Atousa Raissyan’s book reached number one across several Amazon categories, but the more striking story is the journey behind it. Born in Iran and a child during the revolution, she now works as a healer helping people move from fear toward love.

In this wide-ranging conversation she talks about sitting with difficult emotions, releasing what the body has stored, and the two principles at the heart of her book: responsibility and choice.

Atousa Raissyan is a shaman, healer, life guide, poet, and author. Born in Iran, she came to the United States by way of Germany in 1984 and now works with clients on emotional healing and transformation.

Her book Change Yourself, Change the World: Transform Your Life From Fear-Based Living to Choosing Love and Seeing Magic became a bestseller in multiple categories. She created its augmented-reality cover art herself.

Host: Richard Lowe
Guest: Atousa Raissyan
Show: Author Talks with Richard Lowe
Format: Video + Audio
Time: ~39 min watch / ~27 min read

DISCUSS YOUR BOOK

The Interview

Full transcript of the interview follows.

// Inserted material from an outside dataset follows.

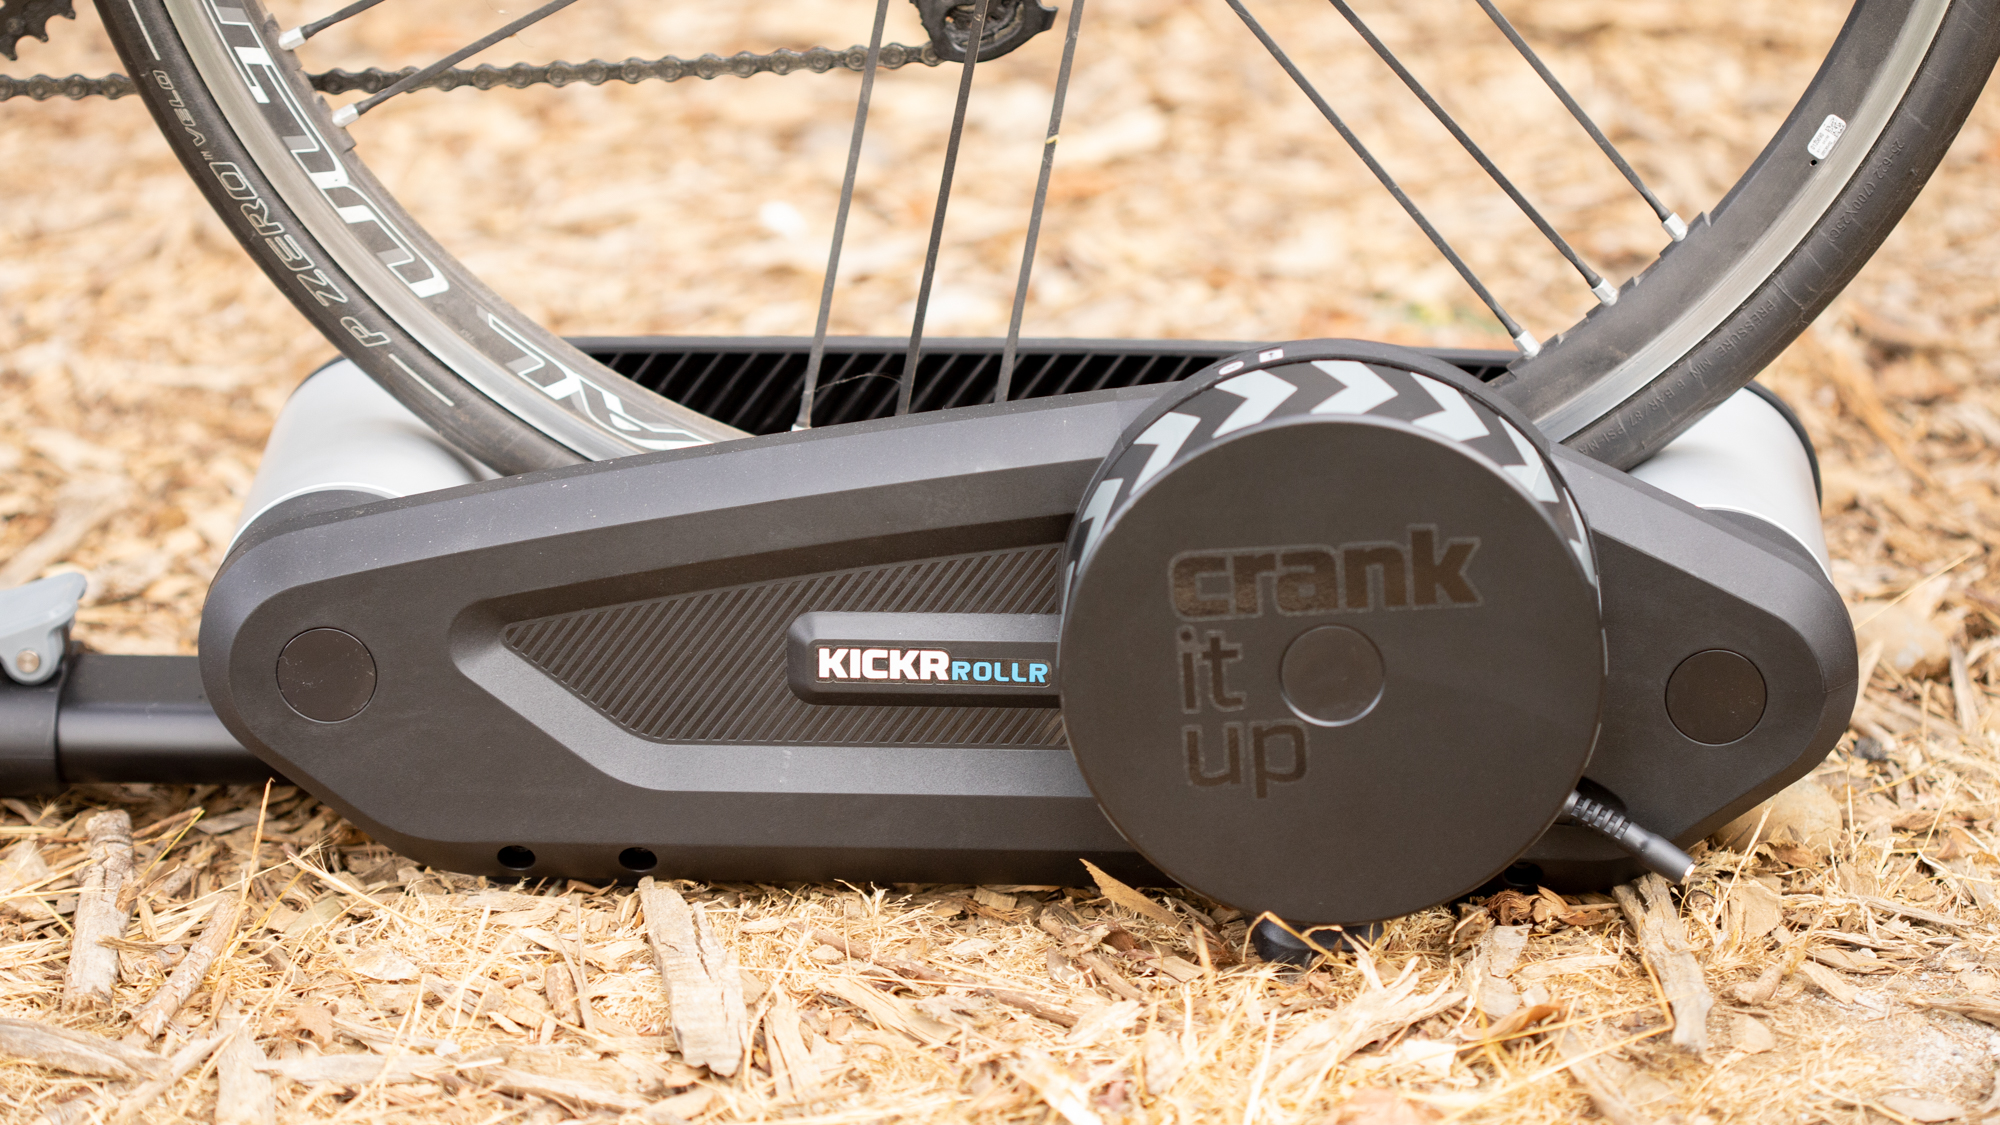 Wahoo Kickr Rollr review - Smart rollers that you won't fall off
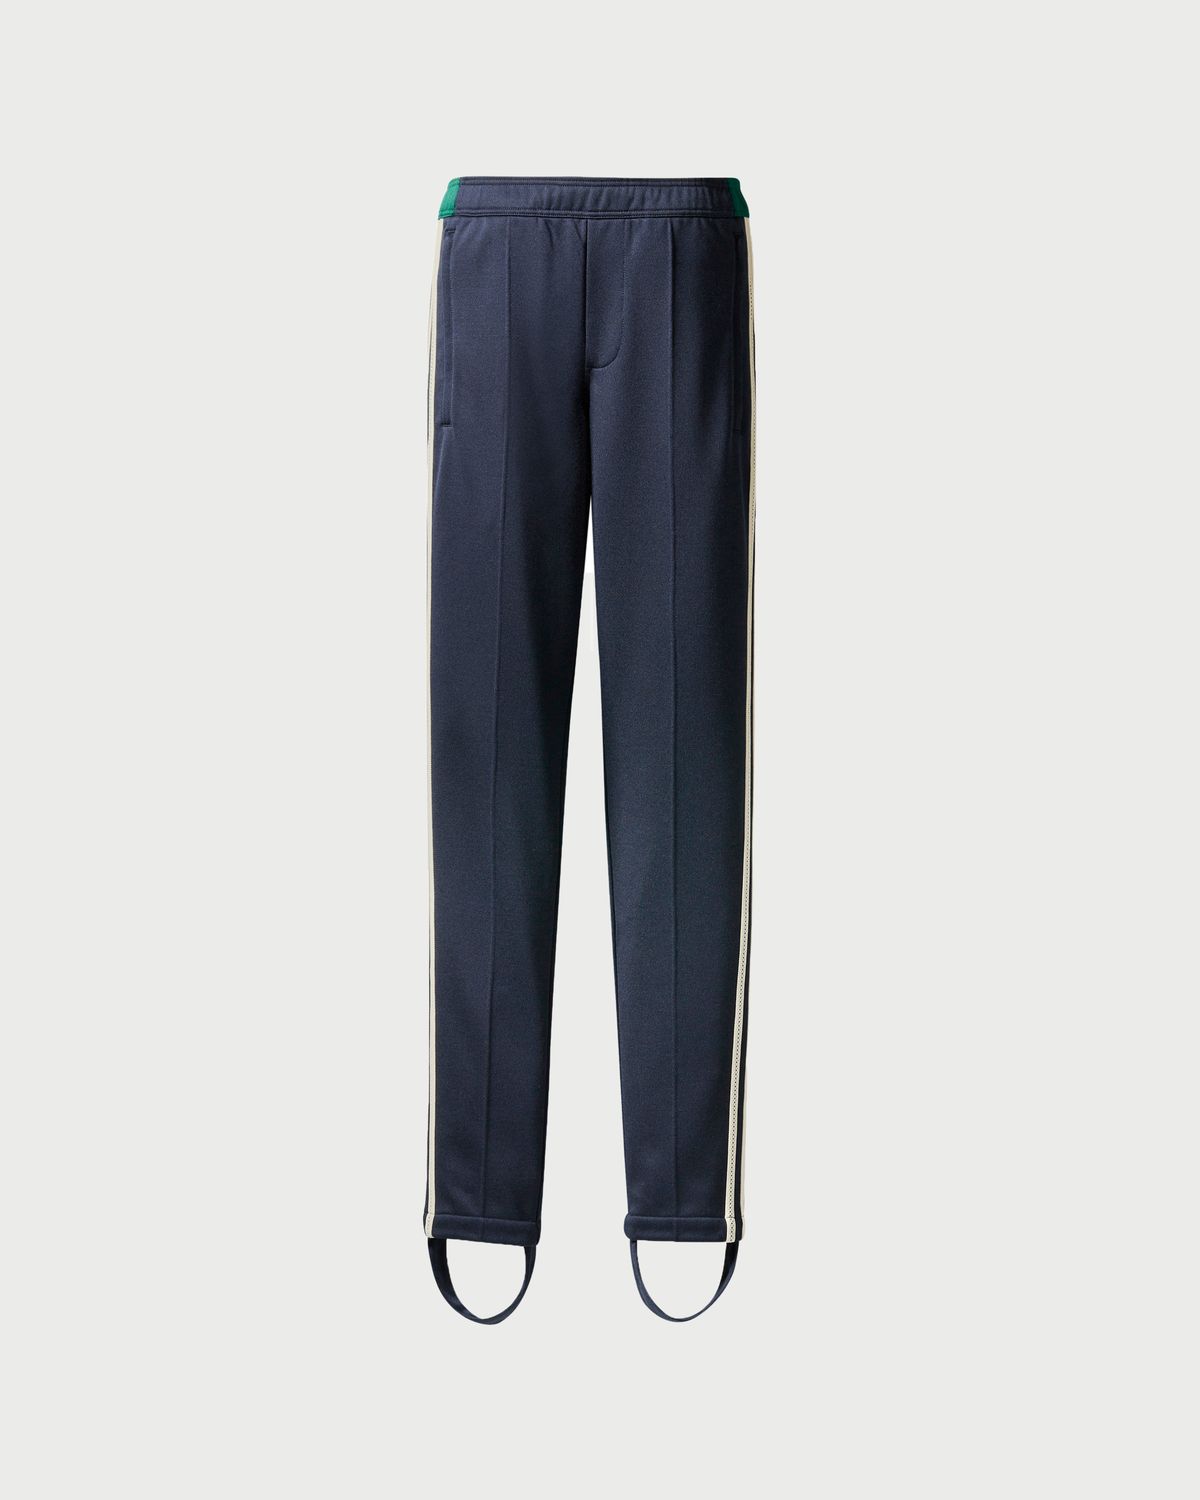 Adidas x Wales Bonner – Lovers Trousers Navy - Track Pants - Blue - Image 1

Richard Lowe: Hello, this is Richard Lowe with author talks. I’m a ghostwriter, a writing coach and LinkedIn branding expert. So if you need any of those services, connect with me, I’m here with Well, why don’t you pronounce your name for me?

Atousa Raissyan: I to sell rice. Yeah.

Richard: That is rice. Yeah. Thank you. Perfect. Wanted to get that right. And she’s an author, we’re gonna talk, we’re gonna have a conversation today. So why don’t you introduce yourself?

The Book and Its Unexpected Success

Atousa: Thanks for having me. First of all, on your talk show Richard. I’m so happy to be here. A little bit about me. My name is a to salvation. I’m originally from Iran. And I just published my book is called Change yourself, change the world, transform your life from fear based living to choosing love and seeing magic.

And by trade I’m shaman, healer, life guide and author, poet, you know, a lot of different titles out there.

Richard: Sure, that sounds very interesting. How did you get into well, writing a book, what just made you decide to do that,

Atousa: um, for longtime when I went through my own sort of transformational journey, healing journey, I really when I started feeling better and realizing it is simple, and it is not. But it is simpler to have an easier life, a good life to get all those things that you want.

And when you start feeling good, I wanted to share it. And I saw my clients when they come to me how much they transform and change and they feel better. And then each one of them comes back and says, you know, the people around them are changing. And so that prompted me to want to get the message out there. And the best way I thought is, you know, doing a book,

Richard: then you self publish it.

Atousa: i They call it self publishing. I mean, I had help. I used ama publishing, to help me, you know, format the book, put it all together, put it on Amazon and all those things. But yes, you know, I came up with the cover art actually. And all that promotional stuff that you do to get it out there is was all me for most part.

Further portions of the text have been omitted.